Eu tenho 22 anos e estou no meu segundo curso acadêmico. O primeiro eu larguei na metade, não por falta de amor, eu de fato gosto muito de química. Mas como eu disse a uma amiga outro dia, não é por que eu gosto de algo que eu preciso ficar com isso pelo resto da minha vida.

Eu amo química, amo meus alunos. Mas odiava aquele curso, aquele ambiente. Era um local onde eu não me sentia eu mesma, eu não me encaixava. Então fiz uma escolha e não me arrependo.
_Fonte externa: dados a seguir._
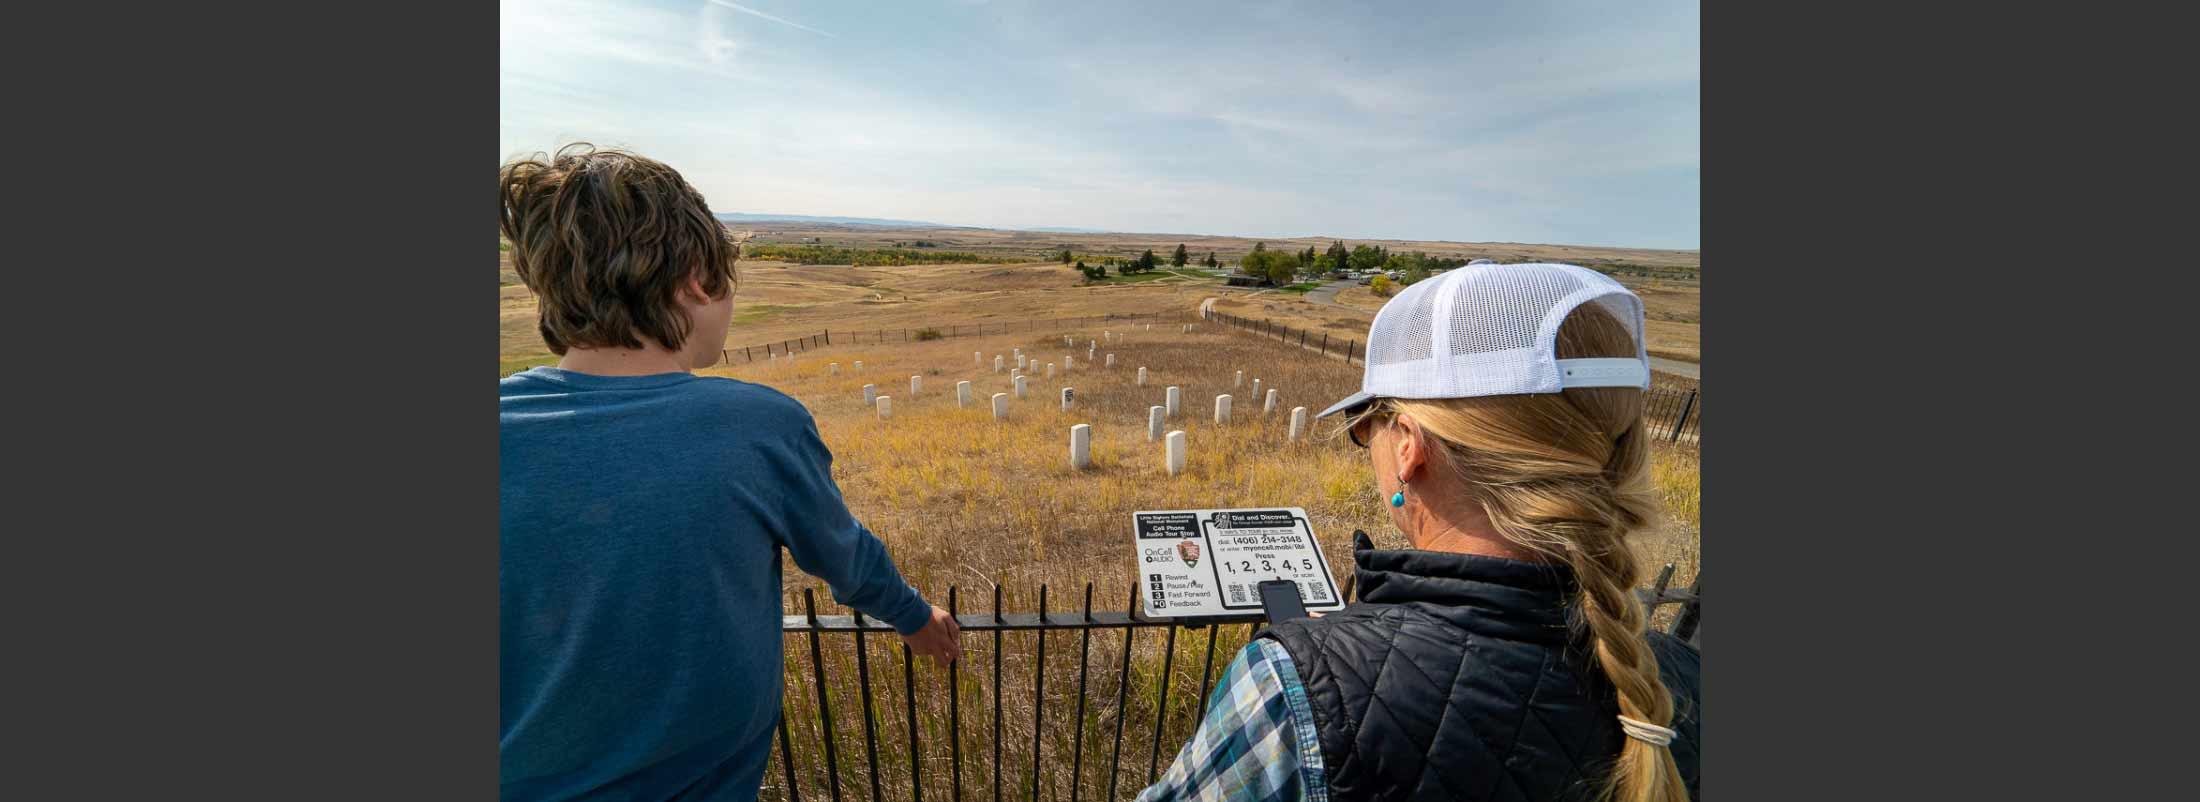 Visiting Battlefields in Montana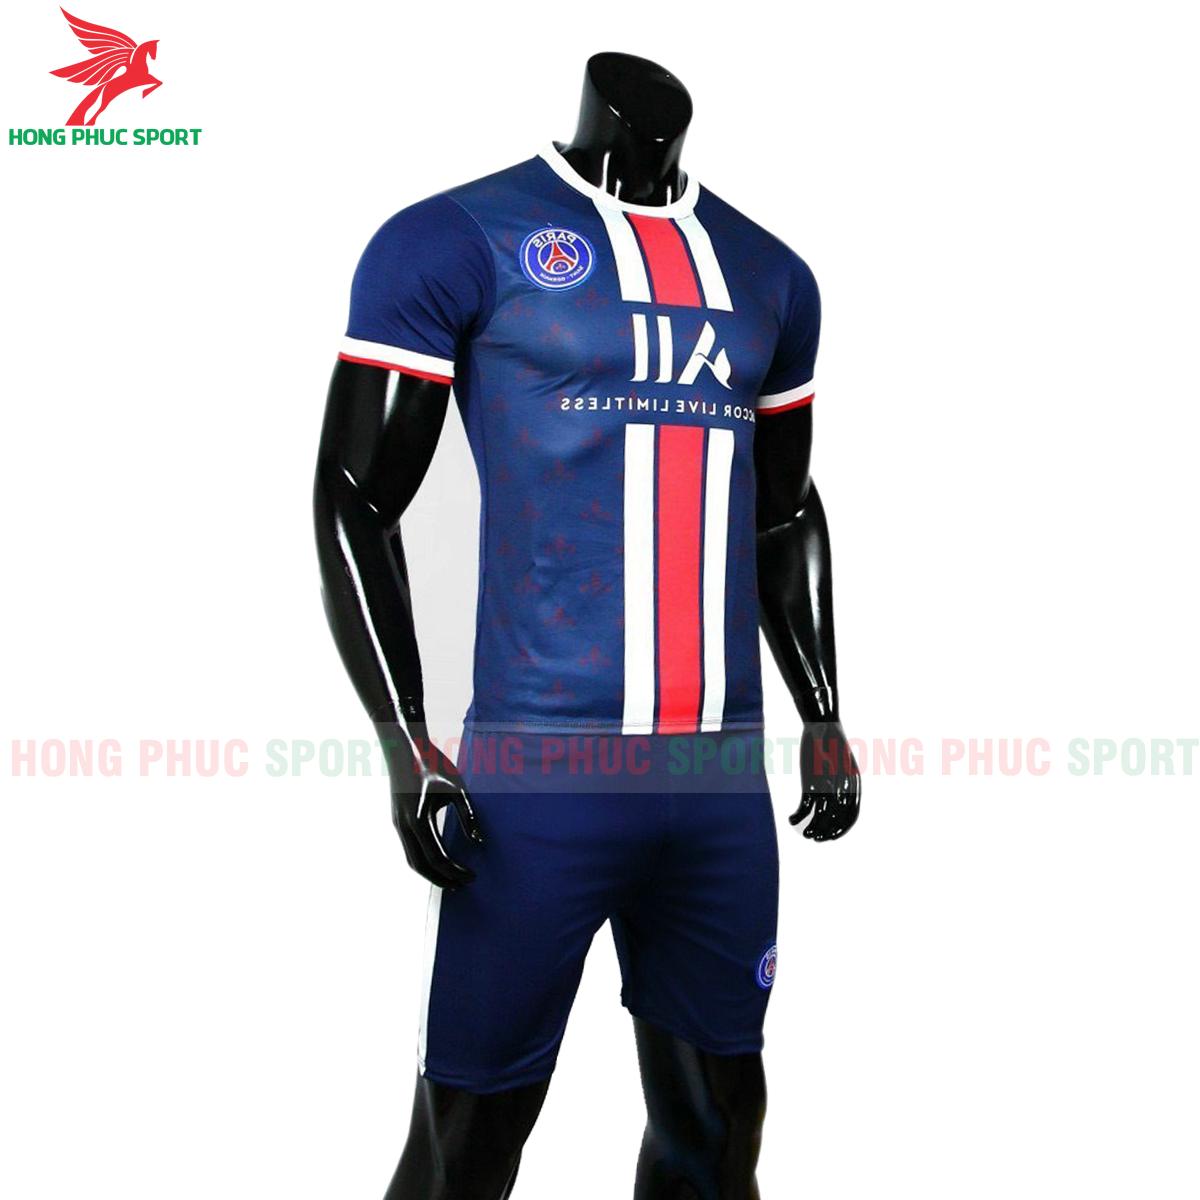 https://cdn.hongphucsport.com/unsafe/s4.shopbay.vn/files/285/ao-bong-da-san-nha-paris-saint-germain-2021-2022-6074fa0929627.png

Passei um ano, dois tentando me encontrar. No meio disso acabei caindo na publicidade. Esse curso nunca foi uma certeza, sempre fiquei em dúvida entre publicidade ou jornalismo, brinco falando que faço comunicação social. Minha mãe falava que eu não aguentaria um semestre completo no curso.

Estou finalizando, de forma bem errada, eu reconheço, o segundo. E sabe quando a dúvida continua na cabeça?

Sabe aquela visão absurdamente romântica que algumas pessoas tem sobre o amor, de que você um dia vai conhecer alguém, olhar nos olhos dessa pessoa e o mundo vai parar, sonos vão tocar, o universo se alinhar e você terá a certeza de que ela é a pessoa para ficar com você o resto da vida e nunca mais vai querer ninguém? Eu tenho isso com a minha carreira profissional.

Eu quero algo que eu tenha certeza que é isso. Que não me dê dúvidas, ou receios. Eu quero algo pelo qual valha a pena arriscar tudo. Às vezes parece que é publicidade, as vezes eu me vejo mais para o lado do jornalismo, tem dias que eu penso até no áudio visual. Na maior parte do tempo, eu não penso em nada disso, eu penso só em fugir, sumir do mapa, ir embora dessa cidade.

Recentemente eu quero algo que me permita manter essa rotina desregulada que eu tenho. De ir dormi às 10 da manhã, acorda às 14 horas. Não pensar muito com o que e se eu vou estar me alimentando, puder chamar os amigos para passar a noite vendo musicais e bebendo cerveja e vodca.

O fato é que eu gosto de passar os dias roupa de baixo e uma camiseta, revirando o mundo virtual atrás de informações para um texto do qual eu vou me orgulhar de ver online, gosto de discutir o roteiro de uma novela adolescente, reconhecer referencias em séries, sair de casa apenas para ir estúdio auxiliar numa sessão fotográfica.

Eu sei muito bem do que gosto, no entanto eu já não tenho tanta certeza assim daquilo que eu quero.